Raka berhenti sejenak, memalingkan pandangannya ke arah Amara. Udaranya terasa lebih dingin di wajahnya, seakan-akan ia bisa merasakan ketakutan yang mulai mengendap di hati mereka.
“Ilusi?” ulangnya sambil mengerutkan kening. “Kau berpikir ini hanya permainan imajinasi kita?”
Amara menggigit bibirnya dan memandang ke arah semak-semak yang berkelebat tertiup angin. “Kita menemukan banyak hal yang aneh akhir-akhir ini. Cahaya itu, suara-suara yang kita dengar… Semuanya terasa seperti permainan yang dimainkan oleh kekuatan yang kita tidak pahami.”
Raka mendengus pelan dan kembali memeriksa jalannya. “Kita tak bisa berpikir seperti itu, Amara. Petunjuk ini nyata, meskipun kita tak bisa menjelaskan bagaimana. Setiap langkah ini membawa kita lebih dekat kepada jawaban, dan aku yakin ada kebenaran di balik semuanya ini.”
Tetapi kata-kata itu terdengar samar di telinganya sendiri. Mereka terus berjalan dengan hati yang berdebar lebih cepat dari sebelumnya, seakan setiap langkah membawa mereka pada misteri yang semakin gelap.

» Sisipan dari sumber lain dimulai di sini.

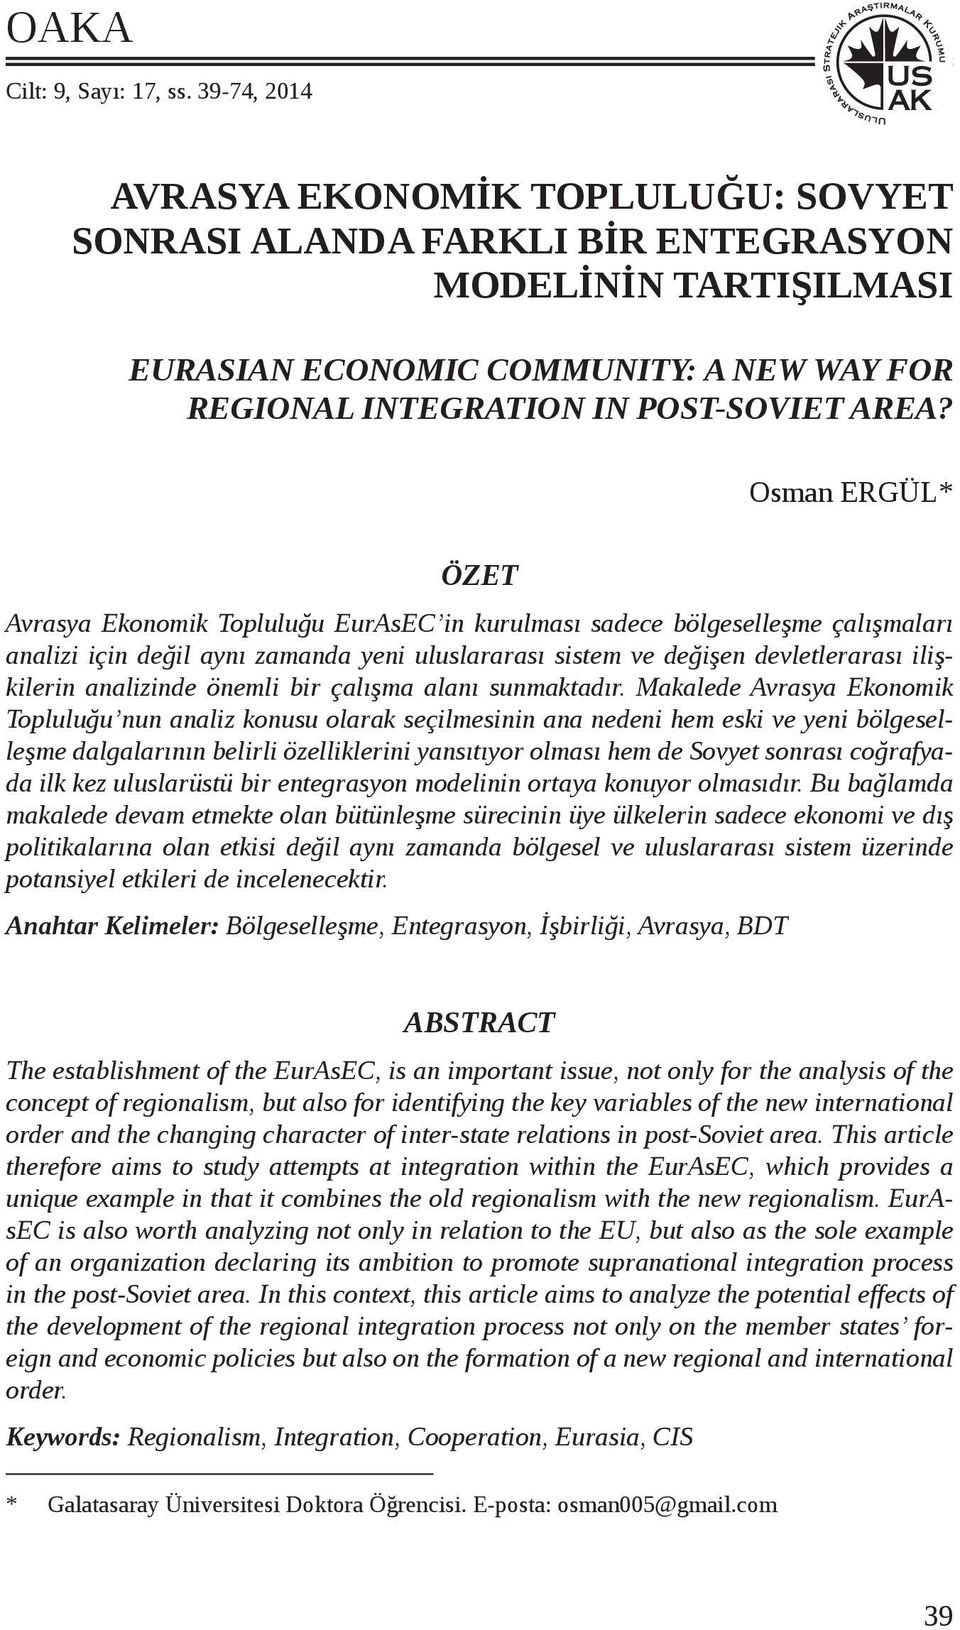 Osman ERGÜL* ÖZET Avrasya Ekonomik Topluluğu EurAsEC in kurulması sadece bölgeselleşme çalışmaları analizi için değil aynı zamanda yeni uluslararası sistem ve değişen devletlerarası ilişkilerin

Kegelapan semakin menguat, dan suara-suara yang sebelumnya mereka abaikan kini menjadi semakin dekat. Bahkan langkah mereka sendiri terasa seperti pergerakan yang berulang—sebuah permainan yang mereka tak mampu kendalikan.
“Apakah kita hanya sedang bermain dengan bayangan kita sendiri?” tanya Arjuna dari belakang mereka. Suaranya bergetar seperti berusaha melawan ketakutan yang sama.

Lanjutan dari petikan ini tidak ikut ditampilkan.